(ASSIGNMENT):
Transcribe, word for word and without additions, each line below from the one containing "Foam Core Cutout" through the one containing "3D model Wooden", both ends included.

─── PROVIDED DATA

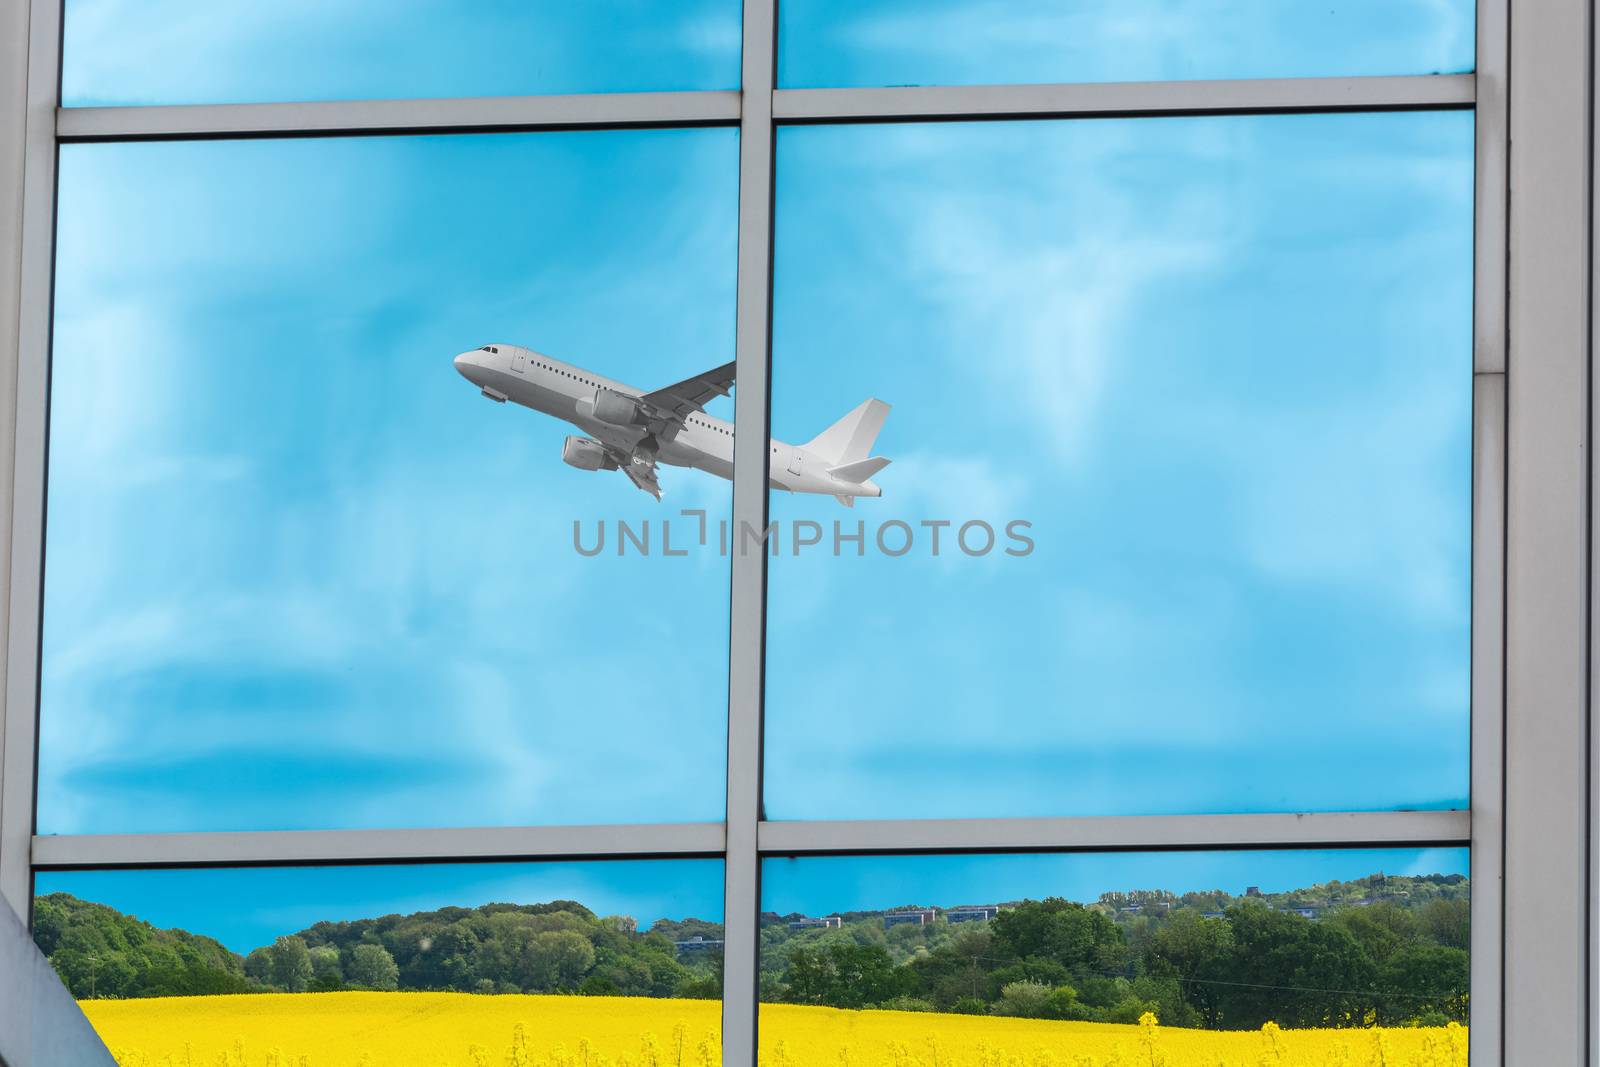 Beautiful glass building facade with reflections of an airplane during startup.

──────
─── PROVIDED DATA

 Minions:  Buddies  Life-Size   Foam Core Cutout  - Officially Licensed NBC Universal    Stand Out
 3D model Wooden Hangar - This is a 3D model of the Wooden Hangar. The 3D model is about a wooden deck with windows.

──────

(SOLUTION TO THIS PROBLEM):
 Minions:  Buddies  Life-Size   Foam Core Cutout  - Officially Licensed NBC Universal    Stand Out
 3D model Wooden Hangar - This is a 3D model of the Wooden Hangar. The 3D model is about a wooden deck with windows.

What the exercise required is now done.